An approach to leadership that seeks to balance organizational performance and human development is “situational leadership”. This term stems from work done in the 1970’s by academics, and has developed significantly since, but the main take-aways are:

  • Not every situation is most effectively managed with the same style of leadership
  • For long-term organizational performance we need to balance our focus on tasks and relationships

According to this leadership theory, a good leader develops “the competence and commitment of their people so they’re self-motivated rather than dependent on others for direction and guidance”.

It should be clear that an over-focus on task performance will run counter to this principle and can easily lead to micromanagement. Micro management is warranted when competence is very low but enthusiasm to learn is high, but in knowledge organizations primarily employing university graduates this is rarely the situation at hand. Micromanagement in knowledge organizations is counterproductive.

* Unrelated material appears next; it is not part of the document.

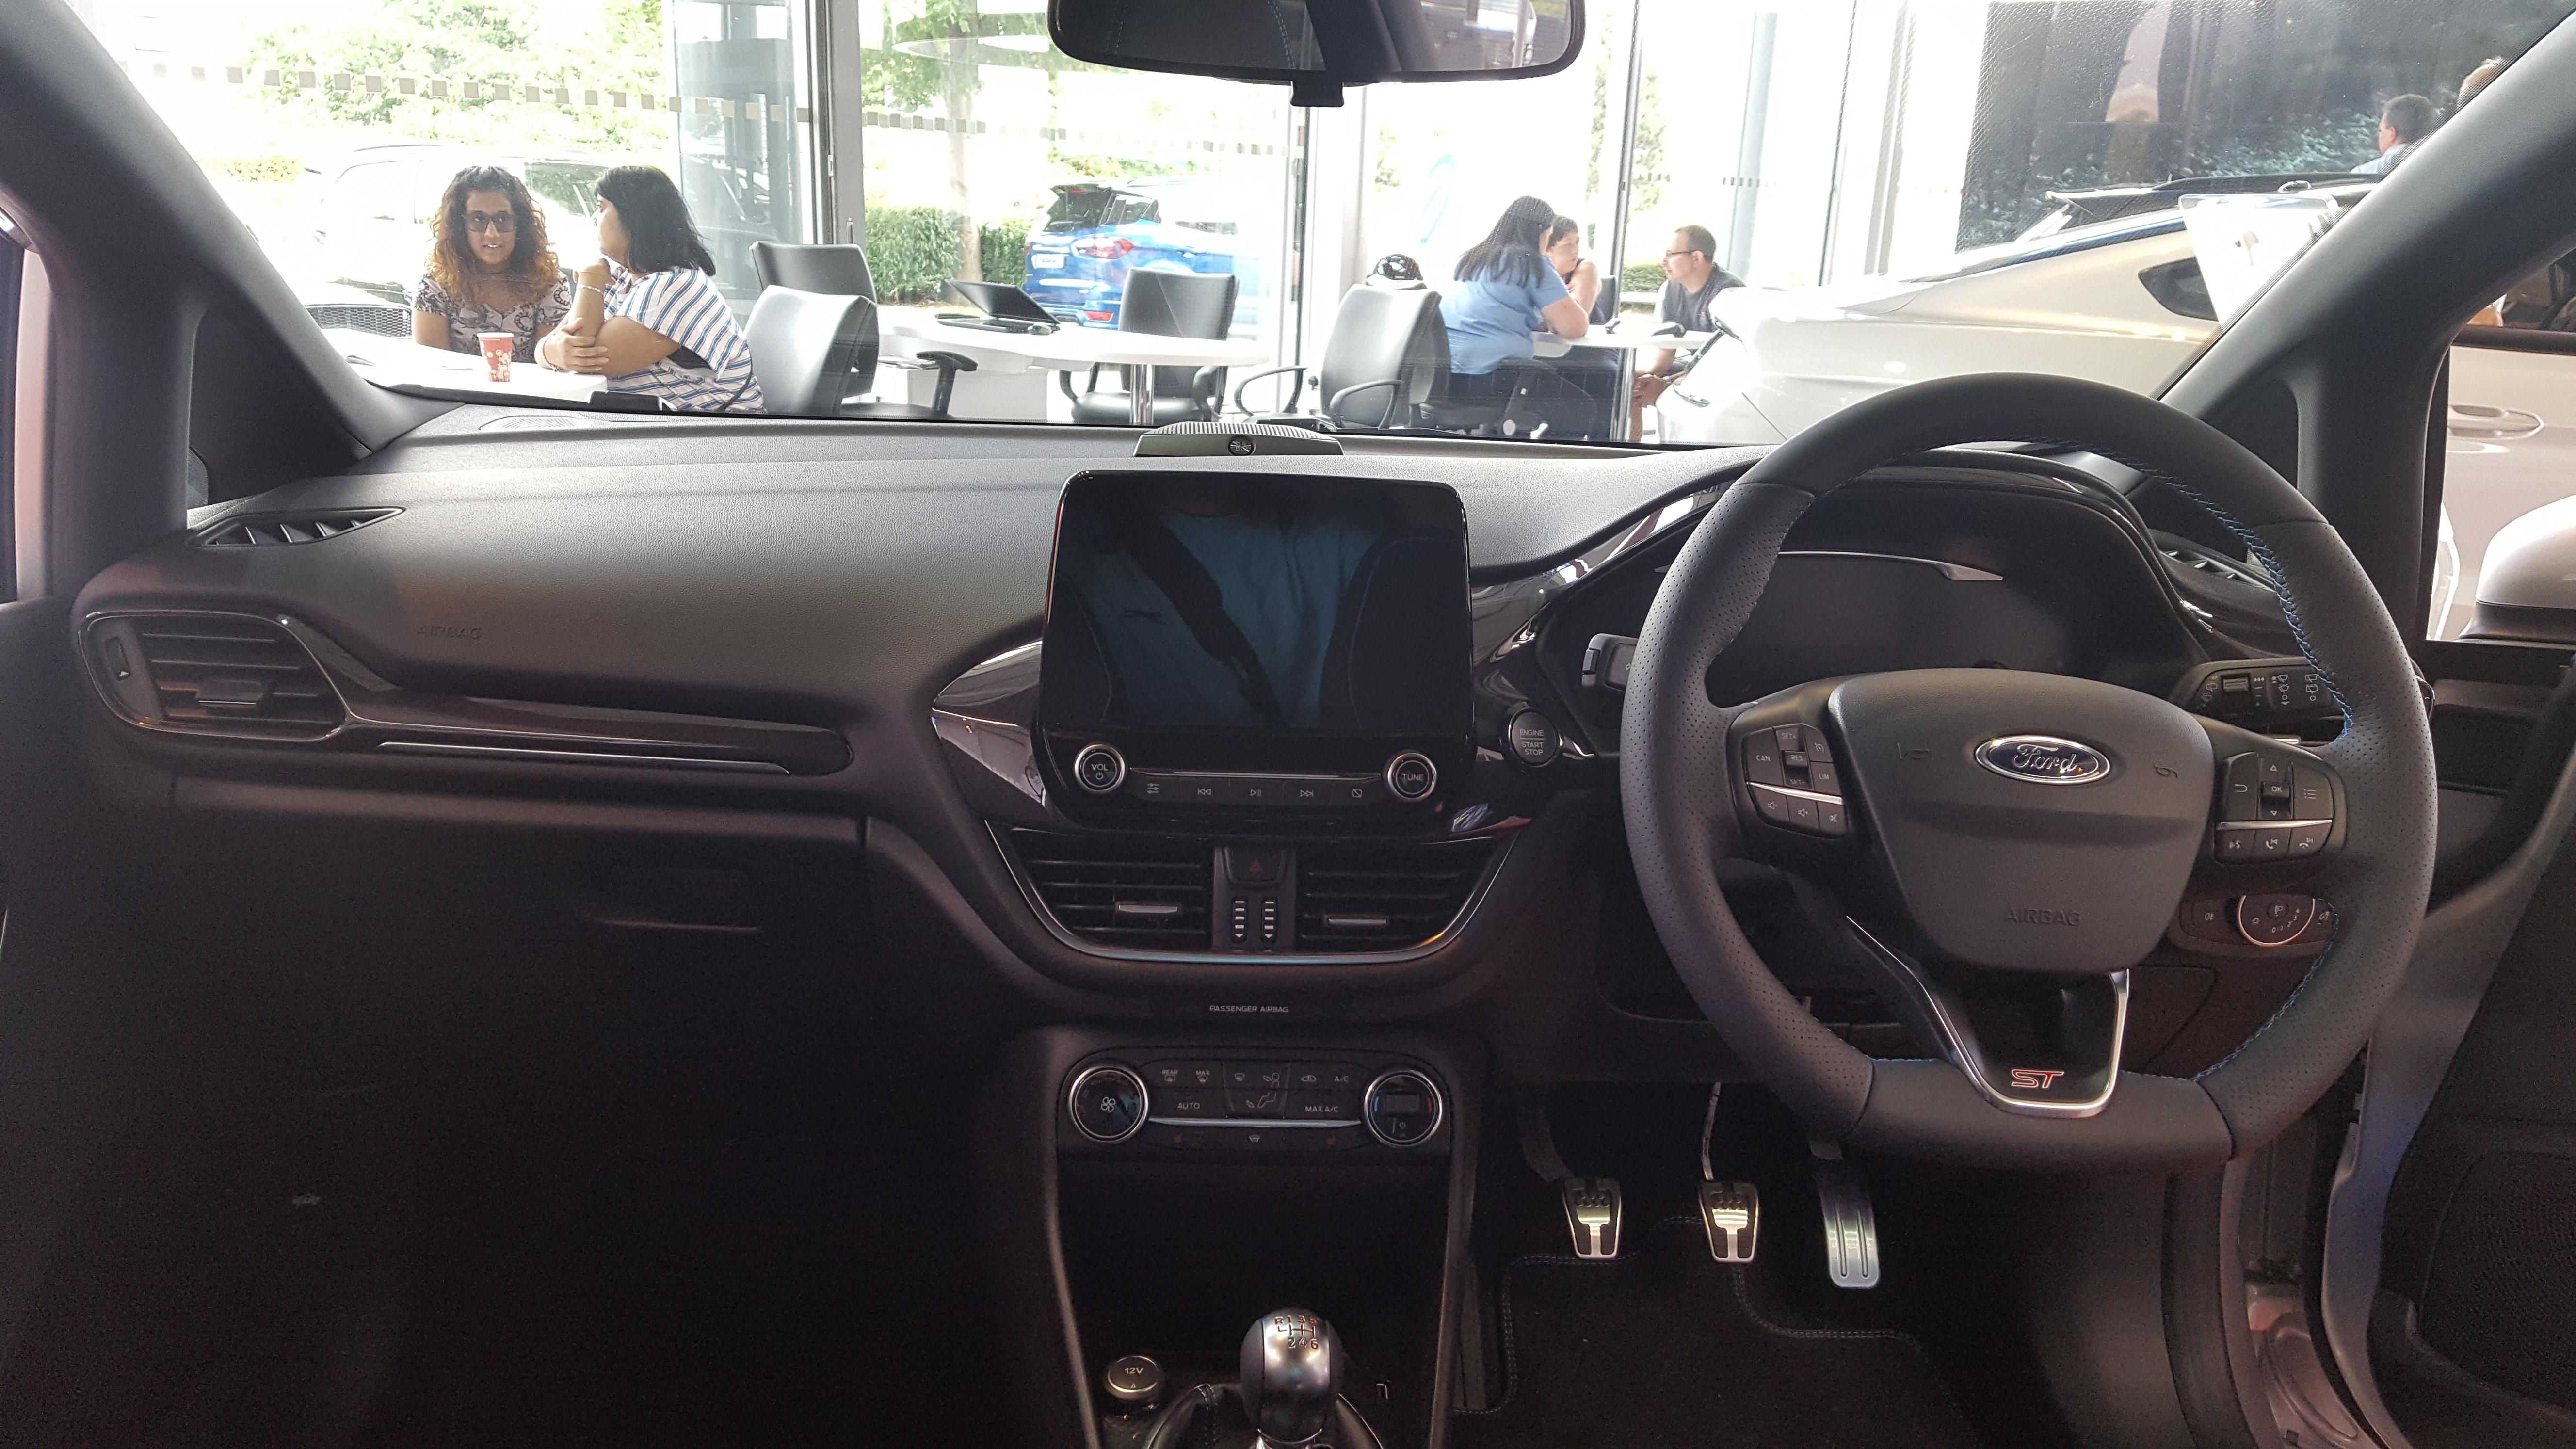 File:2018 Ford Fiesta ST 1.5 Interior

So what should a good leader do?

Ken Blanchard is one of the originators of situational leadership theory, and he has written many books in a semi-fictional style. His most well-known book from the 1980’s is a quick read called “The One-Minute Manager”. It is still a good read about management, for learning about motivation and driving human excellence. In this book he introduces the concept of the serving leader, with the acronym SERVE serving as a reminder of key management practices. The practices are summarized as follows:

  • See the future
  • Engage and develop others
  • Reinvent continuously
  • Value results and relationships
  • Embody the values of the organization

See the future: develop a compelling shared vision of the future

This is the precursor to strategy. How can we plan what actions to take if the direction is unclear? How can we expect people to pull in the same direction, if they have no shared model of what an ideal future looks like? Therefore, creating a vision needs to be a collaborative experience. It is also necessary that the responsibility for articulating a vision for a business unit, lies clearly with the top leader of that unit.

A good vision, whether for a team or an organization should consider the core values of the organization. The values say something about what the organization sees as important, valuable, worth striving for. All organizations have values, whether articulated or not. If they are not articulated, or they are simply “dormant” – somebody defined them, but they are not widely known or reflected upon, they provide no guidance. Start with the values.

An effective vision sets a clear direction. It describes a future ideal state, somewhere we want to go. That state must be compelling to the team, and something everyone agrees that we would like to achieve.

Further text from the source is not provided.